##### Data for review

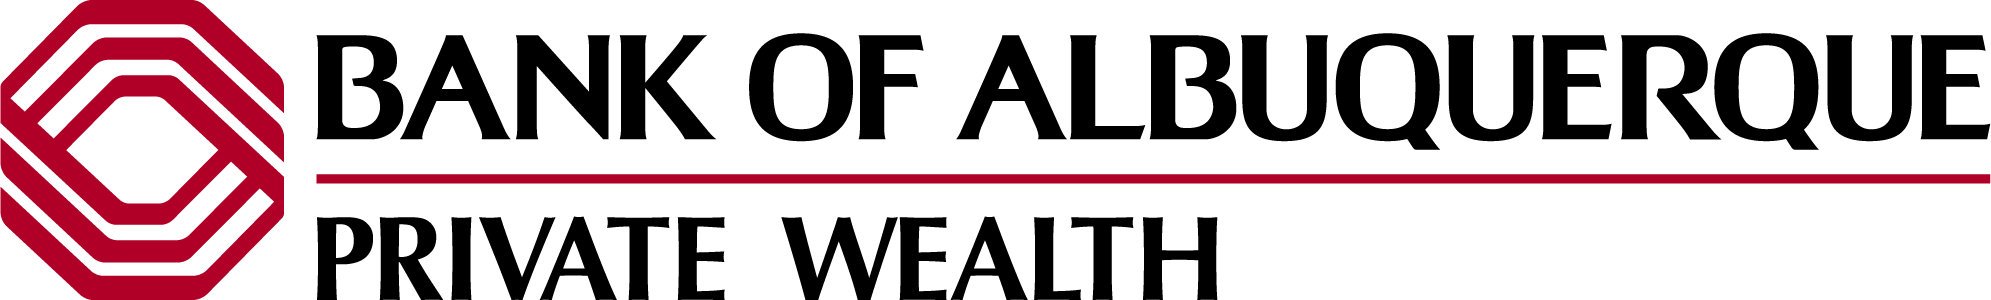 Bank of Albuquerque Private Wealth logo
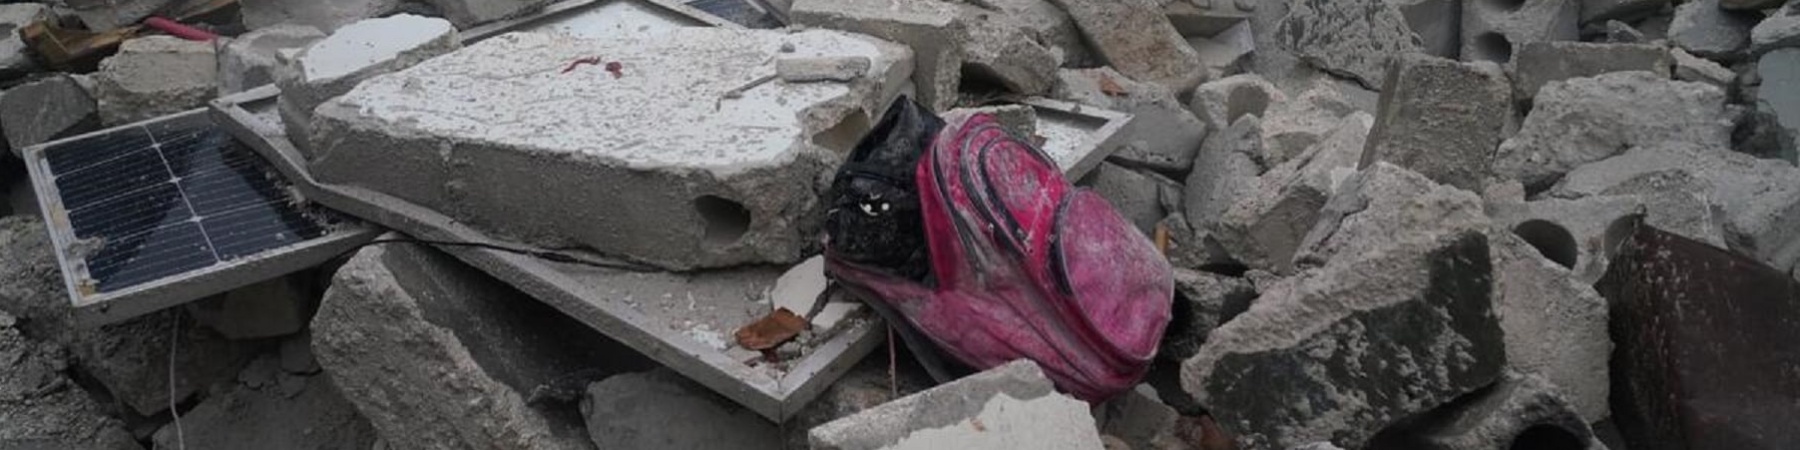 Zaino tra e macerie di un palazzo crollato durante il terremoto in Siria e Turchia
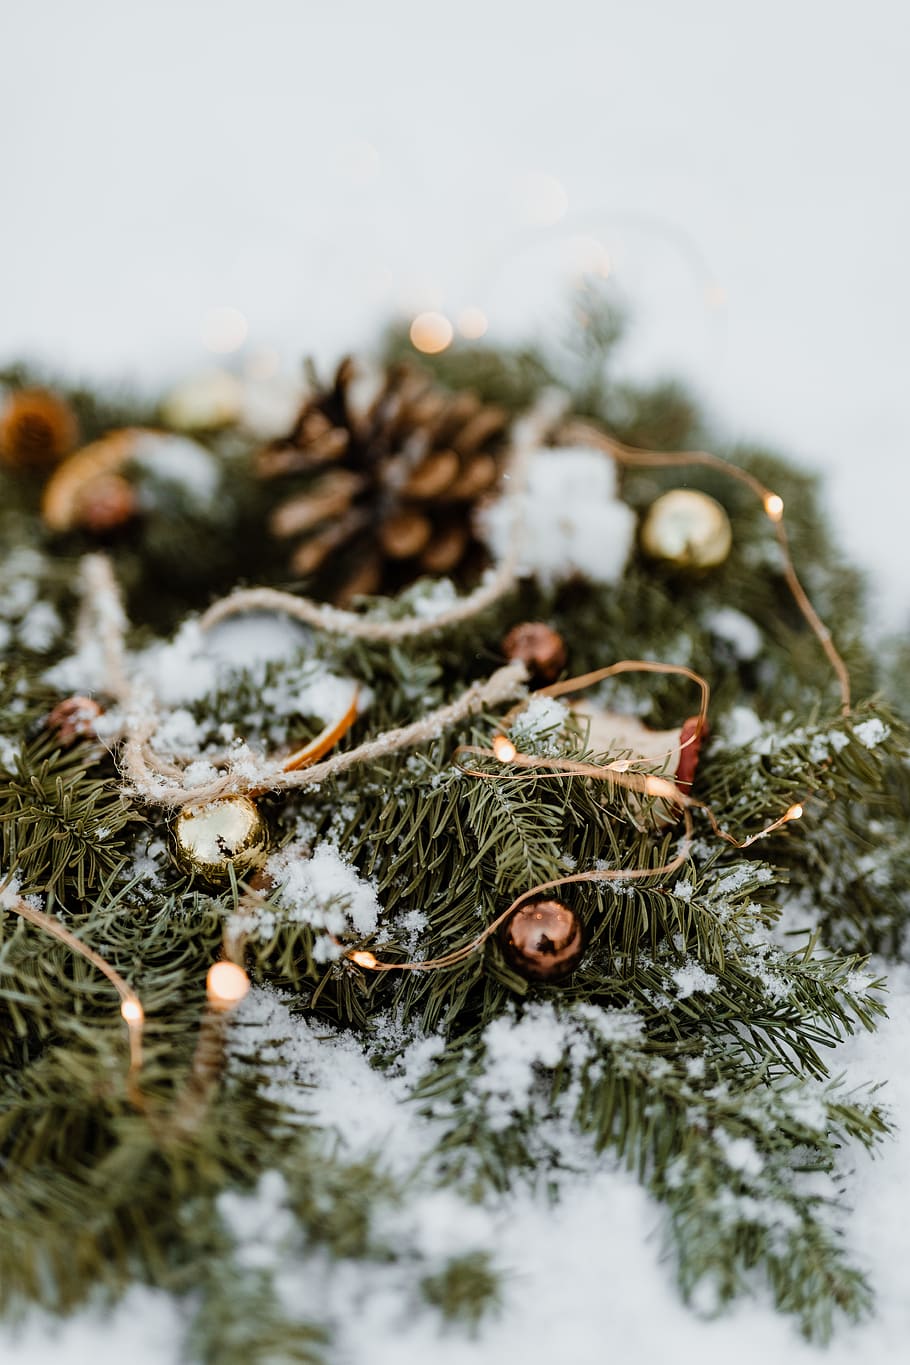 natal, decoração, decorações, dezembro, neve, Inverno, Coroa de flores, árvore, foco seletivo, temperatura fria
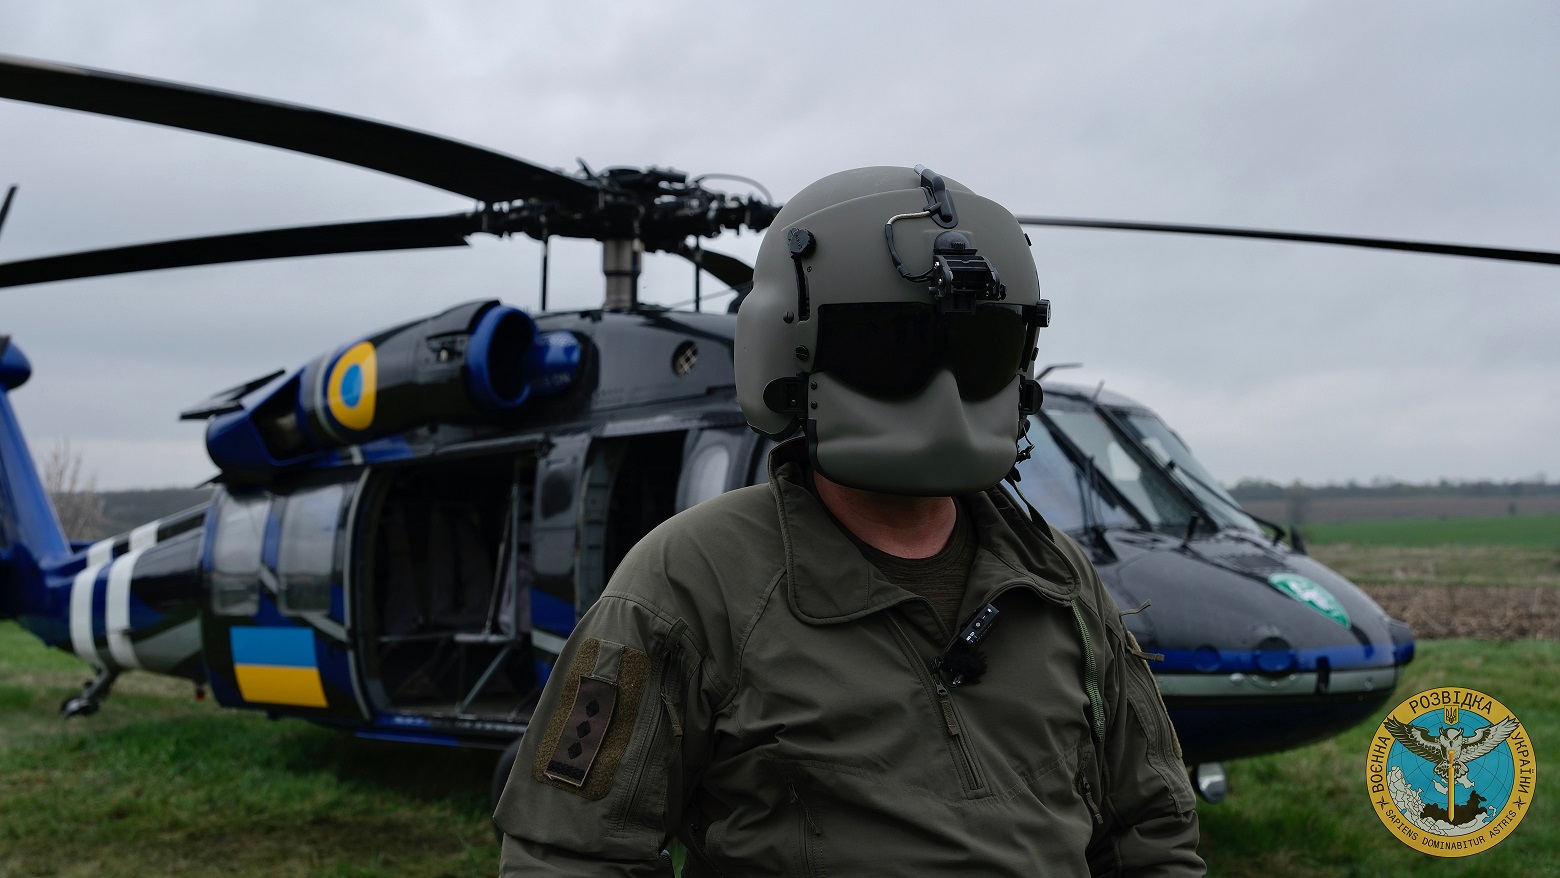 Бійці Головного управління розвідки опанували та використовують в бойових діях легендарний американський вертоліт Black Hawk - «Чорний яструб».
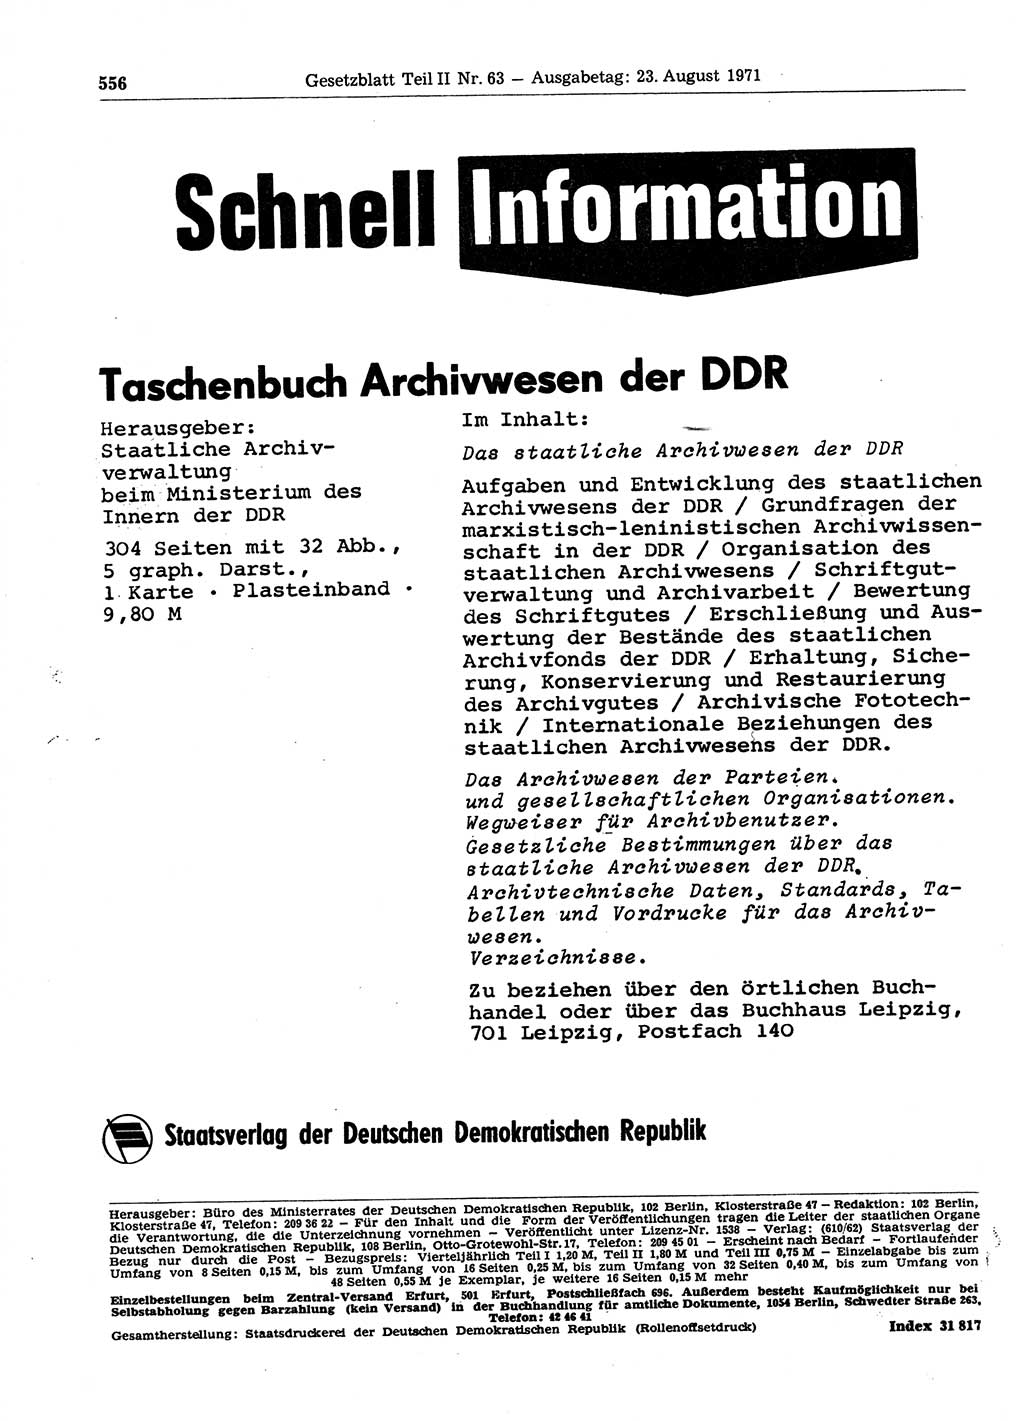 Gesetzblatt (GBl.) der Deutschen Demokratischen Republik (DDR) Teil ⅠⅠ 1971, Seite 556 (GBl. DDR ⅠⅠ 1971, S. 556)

##########

Task goal: Write out word for word every line from the line with "Zaino tra e" through the final line of the records, both included, skipping the pictures.

Your solution:
 Zaino tra e macerie di un palazzo crollato durante il terremoto in Siria e Turchia
 natal, decoração, decorações, dezembro, neve, Inverno, Coroa de flores, árvore, foco seletivo, temperatura fria
 Бійці Головного управління розвідки опанували та використовують в бойових діях легендарний американський вертоліт Black Hawk - «Чорний яструб».
 Gesetzblatt (GBl.) der Deutschen Demokratischen Republik (DDR) Teil ⅠⅠ 1971, Seite 556 (GBl. DDR ⅠⅠ 1971, S. 556)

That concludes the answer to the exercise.